Vinorelbine, a chemotherapy drug, is sold under the trade name of Navelbine to treat various types of cancer. It has been approved for treatment of non-small-cell lung cancer and works in damaging cancer cells. It helps to block the cancer growth by stopping the cancer cells from separating into two new cells. It is an active therapeutic option for treatment of early as well as advanced NSCLC.
How is it given?
Vinorelbine is usually given through a vein by intravenous injection or infusion. Your nurse will give you it as a drip into your cannula between 5-10 minutes. Vinorelbine capsules are also given to the patients in form of 20mg, 30mg and 80mg. The patients will swallow them with water and do not chew or suck them. Your doctor or nurse will determine the dosage and course of treatment. It is generally given on days 1 and 8 every 3 weeks. It is the third-generation drug that has shown consistent improvement in survival on a long-term basis.

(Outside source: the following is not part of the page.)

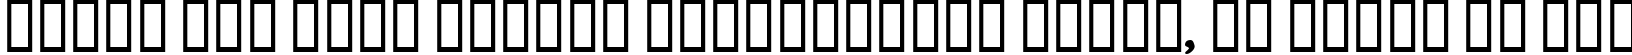 Пример написания шрифтом AddJazz текста на русском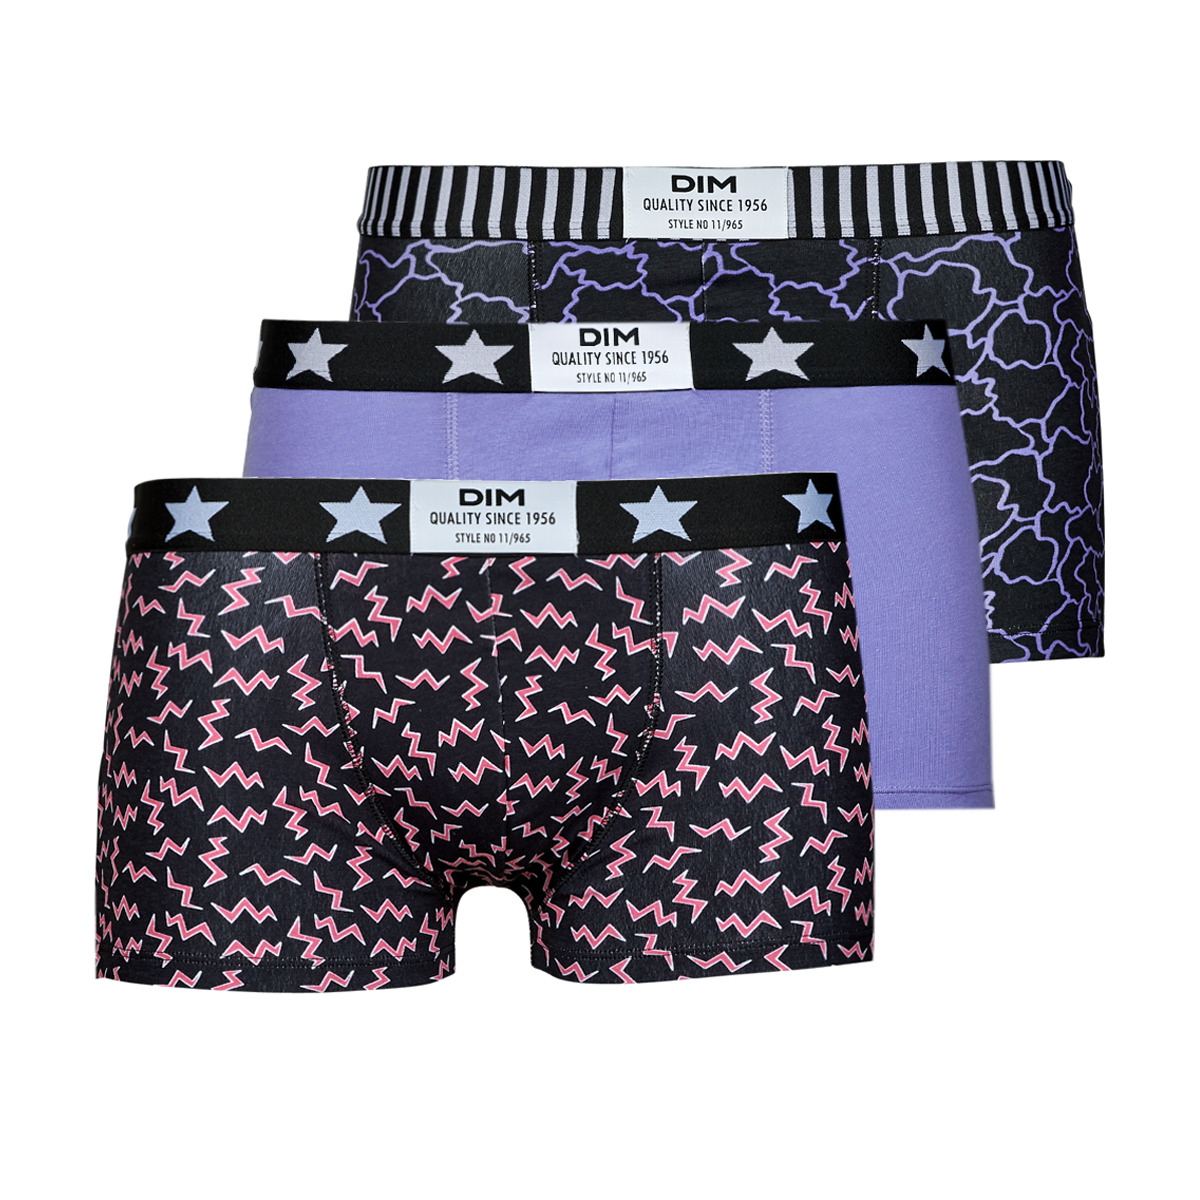 DIM DIM VIBES x3 Multicolour - Fast delivery  Spartoo Europe ! - Underwear  Boxer shorts Men 30,00 €

We have listed the side effects associated with Vinorelbine. You may or may not experience this. They may be mild or more severe. The side effects depend on your general health and the dosage of the drug. The side effects may be different when you are taking this drug with other medicines.
Common Side Effects
- Drop in red blood cells resulting in tiredness and breathlessness
- Constipation can be an issue
- Muscle weakness or vomiting
- Feeling or being sick
- Hair loss
- Temporary numbness and tingling
- Loss or appetite
- Sore mouth
- Tell your doctor about any other medicines you are taking
- Talk to your doctor about the side effects you are facing
- You should not breastfeed during the treatment
- Talk to your doctor about effective contraception before the treatment begins
Vinorelbine has shown to be an effective agent among patients with advanced disease. As the treatment of NSCLC becomes personalized, the role of Vinorelbine varies from person to person. But, it remains a vital agent in the treatment of NSCLC based on its tolerability.
All information provided in this blog is for educational purposes only and is not a substitute for medical advice.